Figure 1 also illustrates the device drivers in Windows. I mentioned that the Microsoft strategy for Windows 8 on tablets is designed to leverage an extensive ecosystem of hardware manufacturers that Microsoft has built over the years because of the ability for anyone to extend the OS by writing a device driver to support a new piece of hardware. Windows “Plug and Play” facilities for attaching devices has grown into a very sophisticated set of services, including ways for device driver software of tapping into Windows Error Reporting, for example.
 
 In general, device drivers are modules that also run in kernel mode and effectively serve as extensions to the OS. Their main purpose is managing hardware resources other than the CPU and memory. Windows device drivers are installed to manage any and all of the following devices:
  • Disks, CD, and DVD players/recorders that are attached using IDE, SCSI, SATA, or Fibre Channel adaptors
  • the network interface adaptors, both wired and wireless,
  • input devices such as the mouse, the keyboard, the touch screen, the video camera, and the microphone(s)
  • graphical output devices such as the video monitor
  • audio devices for sound output,
  • memory cards , thumb drives,
as well as pretty much any device that plugs into a USB port on your machine. In Windows 8, the list of device drivers expands to include a GPS and an Accelerometer.
 
 Windows currently provides an open “Plug-and-Play” model that permits virtually anyone to develop and install a device driver that extends the operating system. Figure 2 is a screen shot from a portable PC of mine showing the Device Manager applet in the Control Panel that tells you what Plug-and-Play hardware – and the device driver associated with that hardware – is installed. As you can see, it is quite a long list. This flexibility of the Windows platform is a major virtue.


Figure 2. The Device Manager applet in the Control Panel tells you what Plug-and-Play hardware is installed, along with information about the device driver software associated with that hardware.

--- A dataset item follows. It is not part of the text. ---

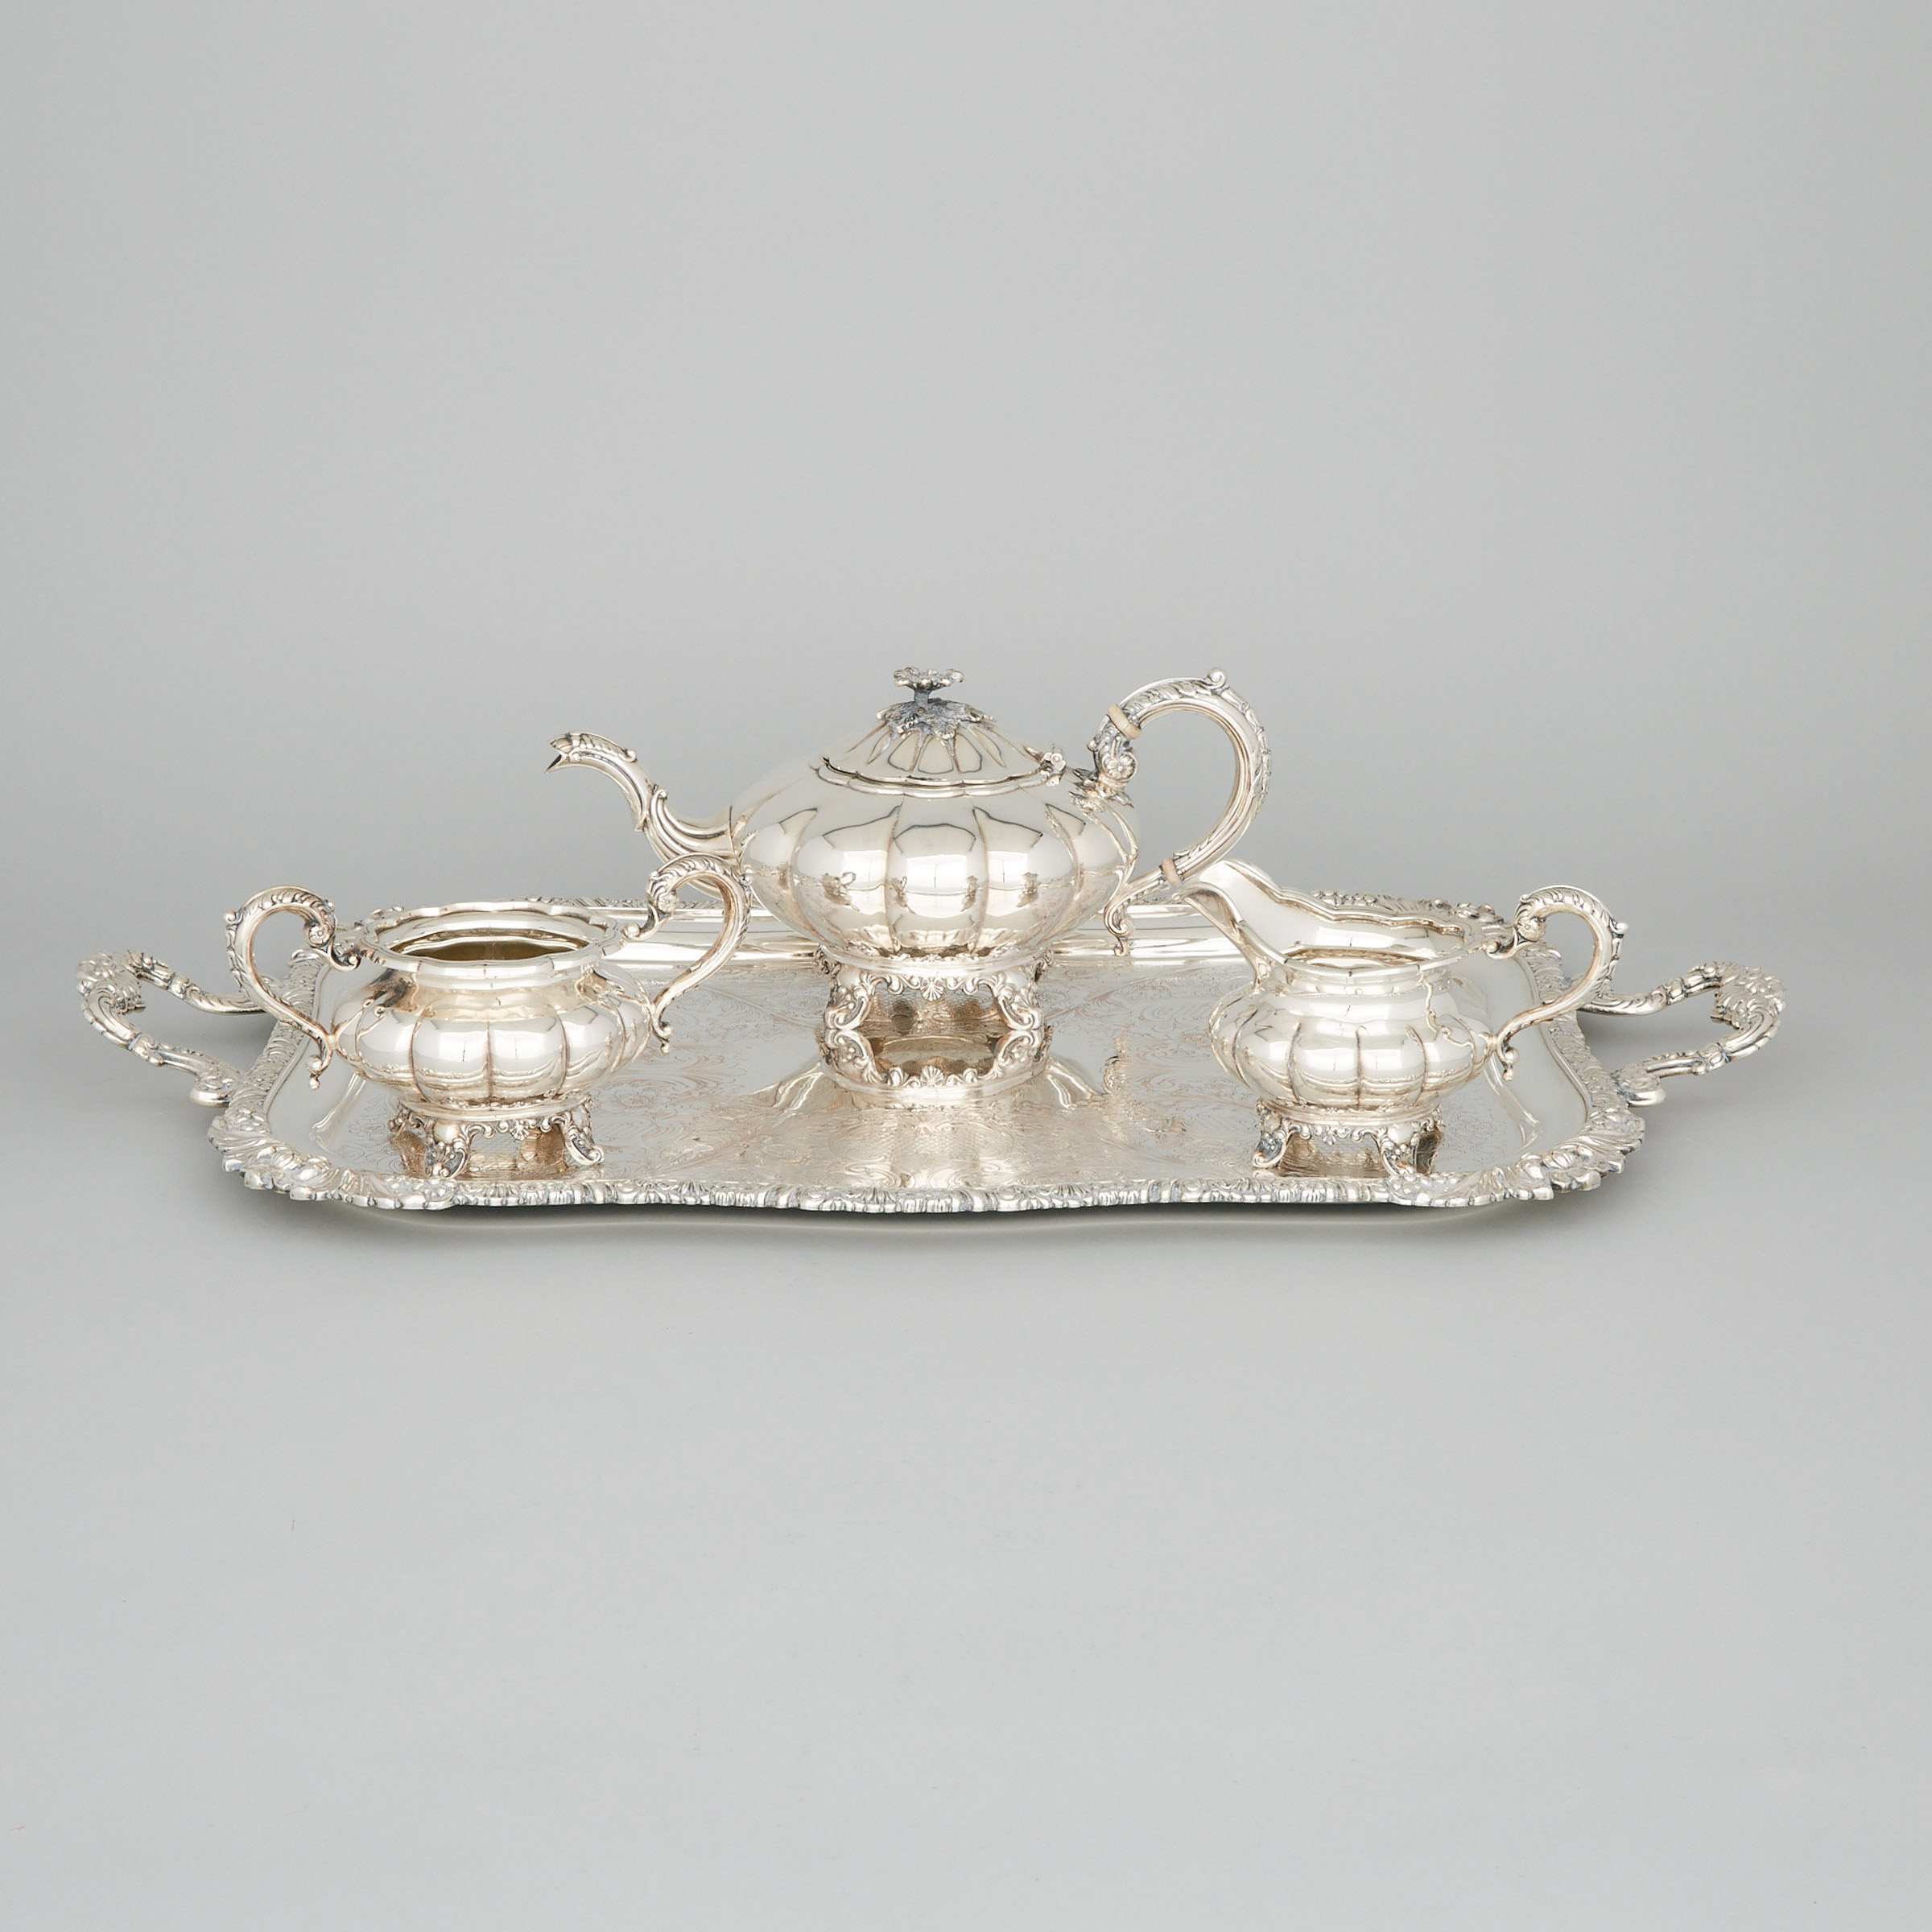 Canadian Silver Tea Service, Henry Birks & Sons, Montreal, Que., 1947

For the sake of security, you want to ensure that any OS function that doesn’t absolutely need to run in kernel doesn’t. But, by their very nature, because they need to deal directly with hardware device dependencies, device drivers need to run in kernel mode. Device drivers in Windows don’t actually interface with the hardware directly – they use services from the HAL and the Windows IO Manager to do that. This mechanism allows device drivers to be written so that they can be portable across hardware platforms, too.  The importance of this is that, once Windows is ported to ARM-based SoC machines, you ought to be able to plug in virtually any device that you could into an Intel-architecture PC and it will run.
 
As a practical matter, Windows has a device driver certification process that the major manufacturers of peripheral hardware use. So, not every piece of hardware you can attach to a Windows 7 PC, like the one illustrated in Figure 2, will have immediate support for the Windows RT environment on ARM. Microsoft also wants hardware manufacturers to take the extra step of packaging their drivers into Windows Store apps.
 
The open, plug-and-play device driver model Windows uses permits an almost unlimited variety of device peripherals to be plugged in and extend your Windows machine. Consider printer drivers in Windows. Manufacturers like HP have developed very elaborate printer drivers that let you know when you’ve run out and ink and then try to nudge you into buying expensive ink cartridges from them online. In contrast, try to print a document using your iPad. Can’t do it, no device drivers.
 
This great virtue of the Windows OS can also be a curse. The disadvantage of the “open” model is that it is open to anyone to plug into and start running code with kernel mode privileges. Historically, whenever your program needed a function that required kernel mode privileges, you could develop a device driver module (a .sys module) and drop that into the OS, too.
 
Being open leads to problems with drivers that are less than stellar quality and also creates a potential security exposure. The fact is 3rd party device driver code, running in kernel mode, is also a major source of the problems that all too frequently cause Windows to hang, crash, or blue screen. It is often not Microsoft code that fails, so there isn’t much Microsoft can do about this – other than take the steps they already have, like the certification program, to try to improve the quality of 3rd party driver software. The fact that my device driver can be deployed on machines configured with such a wide variety of other hardware that my software may need to interact with greatly complicates the development and testing process. The diversity leads to complexity and that directly impacts the quality of the software. Bugs inevitably arise whenever my software encounters some new and unexpected set of circumstances.
 

Both a blessing and a curse

 
A good way to illustrate the advantages and the disadvantages of the Windows open hardware policy is to look at graphics cards for video monitors. The lightweight portable PC I am typing on at the moment has a 14” display, powered by a graphics chip made by Intel that is integrated on the motherboard. When I use this portable PC at my desk, I slide it into a docking station where two additional video monitors are attached, powered by a separate, higher end NVIDIA graphics card. (The docking station actually supports up to four external monitors, but I am pretty much out of desk space the way things are at the moment, so I will have to get back to you on that.)
 
One of the external flat panel displays is 1920 x 1200, the other is only 1920 x 1080. I have one positioned on the left of the portable and the other on the right. In addition, I have a 3rd party port replicator plugged into a USB port on the back of the PC. This device has additional video ports that I am currently not either. If you look at the Screen resolution applet in the Control Panel, my configuration looks like I have four video monitors available, not three.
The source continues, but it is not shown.